In order to reinforce the Company's presence in certain strategic business segments, the Company completed the acquisition from Nortel Networks of a 6-inch facility in Ottawa, Canada, in June 2000 with a commitment for $2 billion in sales to Nortel Networks over the following three years (in conjunction with the acquisition, the Company entered into an agreement with Nortel Networks for the development of processes, packages and fundamental IP for high-speed optical interfaces). The Company also acquired Waferscale Integration (a leading manufacturer of programmable system memory devices) and Portland Group (a vendor of compilers and software development tools for the high-performance parallel computing market).

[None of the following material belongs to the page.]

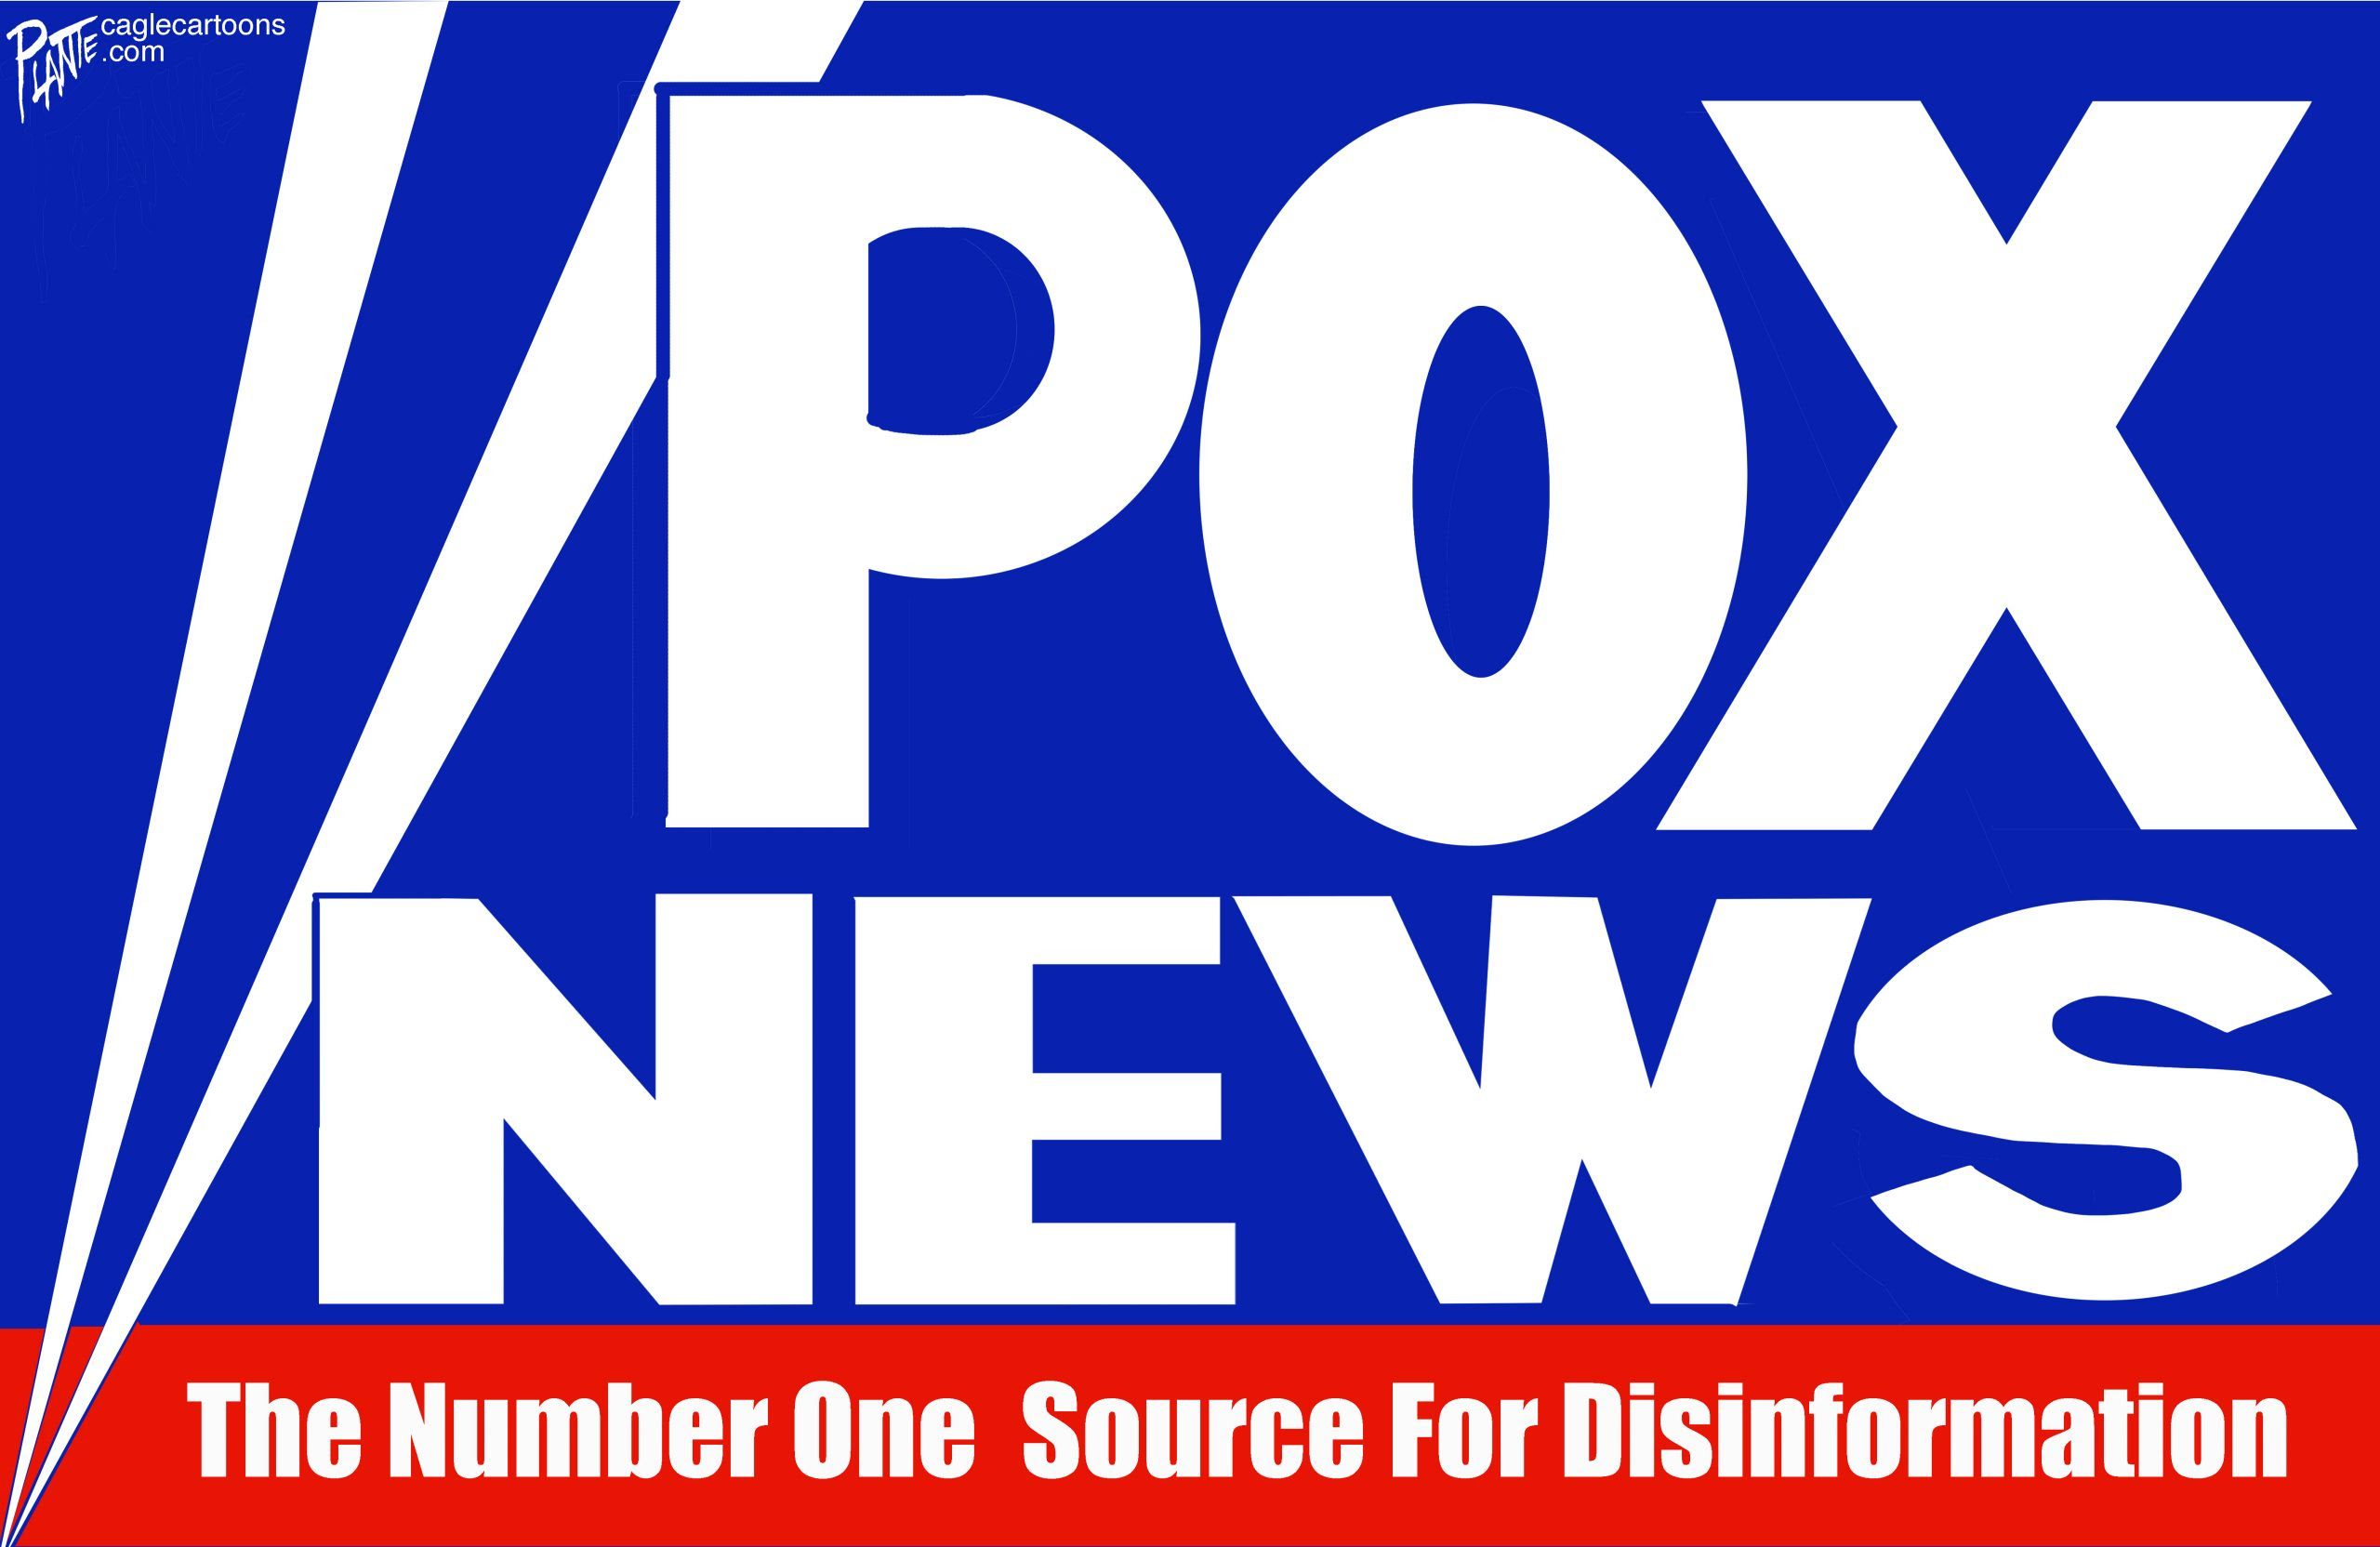 Fox News spreads disinformation and propaganda

The Company's gross profit margin increased from 41.4% in 1996 to 46.0% in 2000. Benefiting from a favorable industry environment in 1996, the Company had a gross profit margin of approximately 41% and an operating income margin of approximately 19%. In 1997 and 1998, in an unfavorable industry environment, which generated lower margins due to the negative impact of pricing pressures, gross profit margin declined to slightly above 38%. This decline in gross profit margin coupled with a higher level of research and development expenditure, resulted in a lower operating income as a percentage of net revenues which, however, remained above 12%. Benefiting from the market recovery in 1999 and 2000, gross profit margin increased in 2000 to 46.0% while operating income as a percentage of net revenues rose significantly to 22.8%.

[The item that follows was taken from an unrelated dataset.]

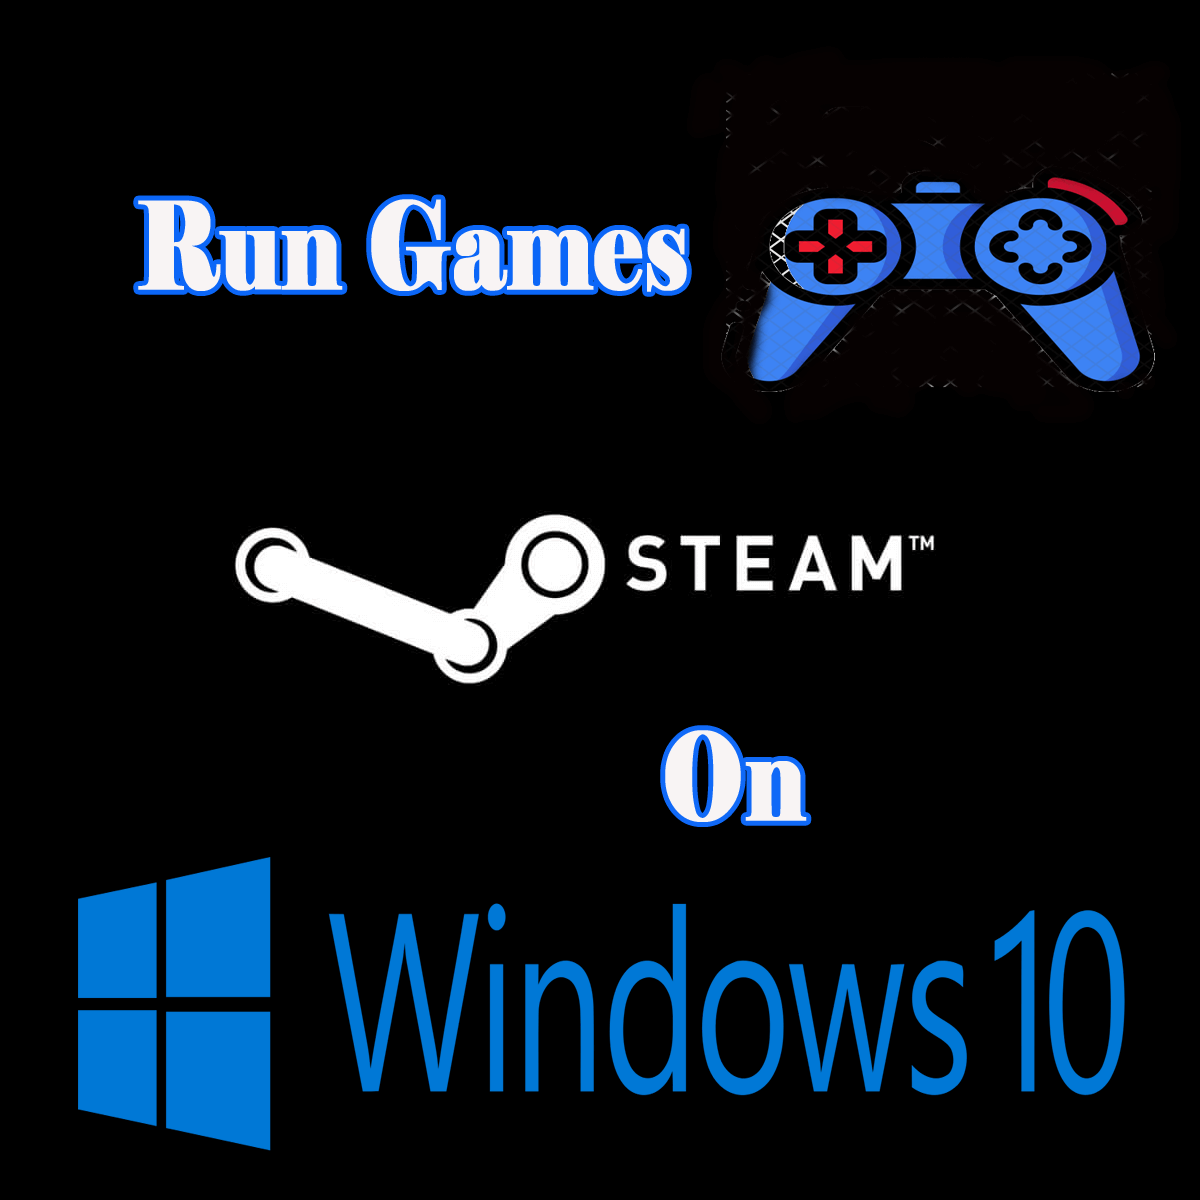 windows 10 games not working
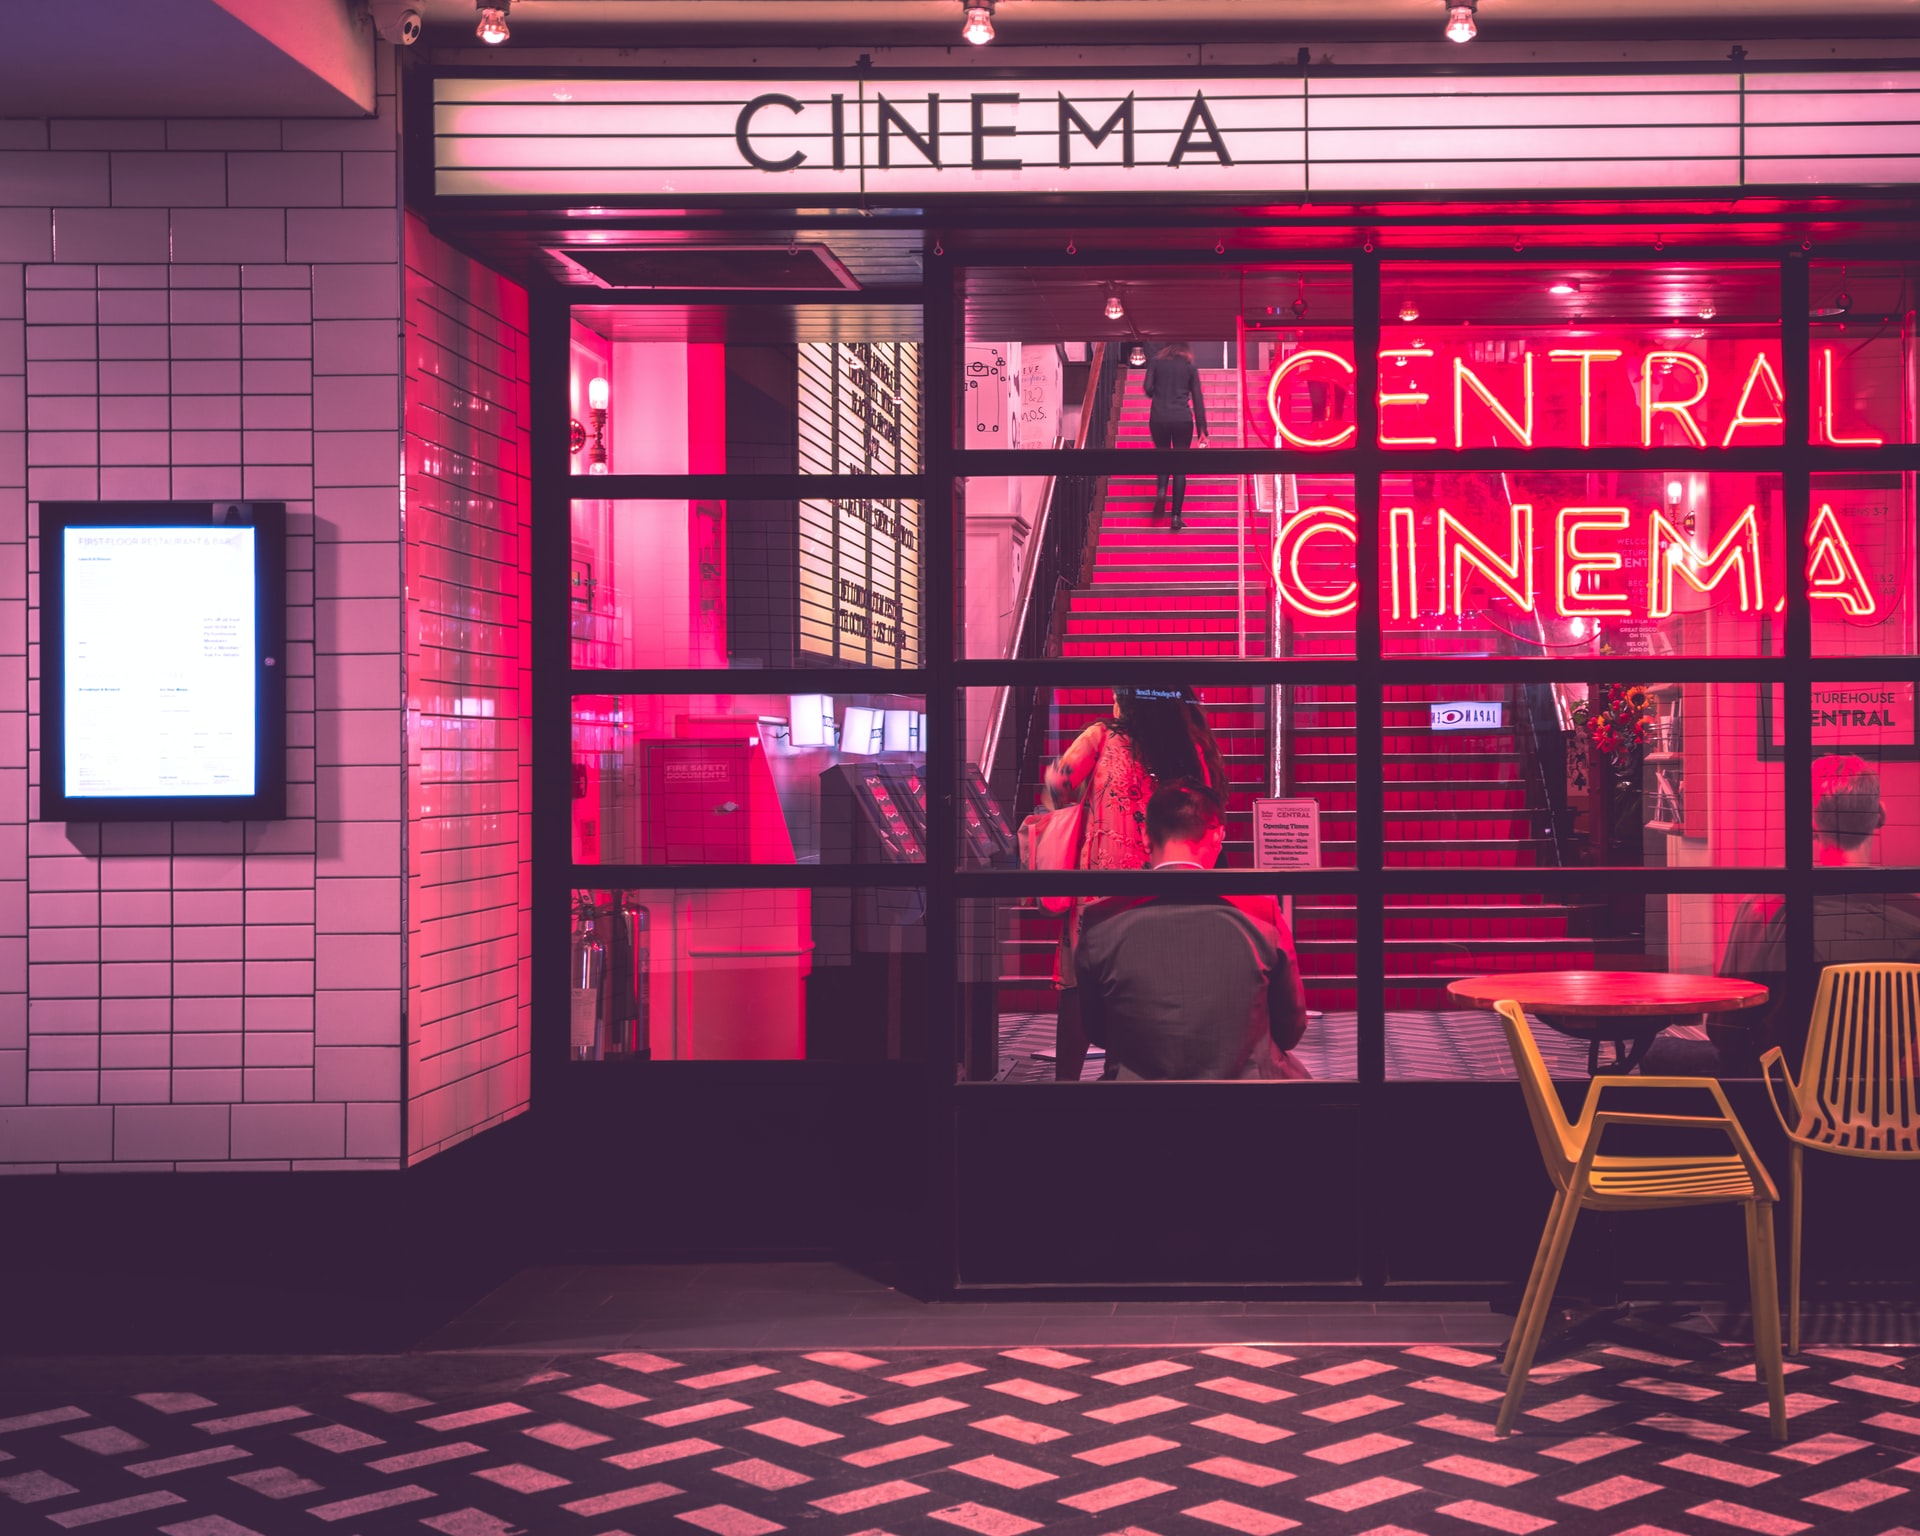 Image of a cinema.

Preliminary projections for 2001 assumed a worsening of the market correction, estimating the market for the first quarter of 2001 to decline 19% sequentially versus the fourth quarter of 2000 and 4% compared to the first quarter of 2000. The latest forecasts by industry analysts at the end of March 2001 estimate a 12% decline in the TAM and a 10% decline in the SAM in 2001 compared to 2000. The Company estimates that the market correction which began abruptly with a sharp inventory adjustment in the fourth quarter of 2000 is likely to continue through much of 2001. Its duration is closely tied to macroeconomic conditions, particularly in the United States and Japan, as well as to industry-specific issues such as over capacity and excess inventory levels.

While the Company is expecting a difficult business environment, it is confident in its ability to continue to outperform the industry by a meaningful margin. Within this challenging near term environment, the Company's strategy continues to be based upon profitable market share gains through the development of world-leading products, strong customer alliances, efficient global manufacturing and a modular approach to capital expenditure.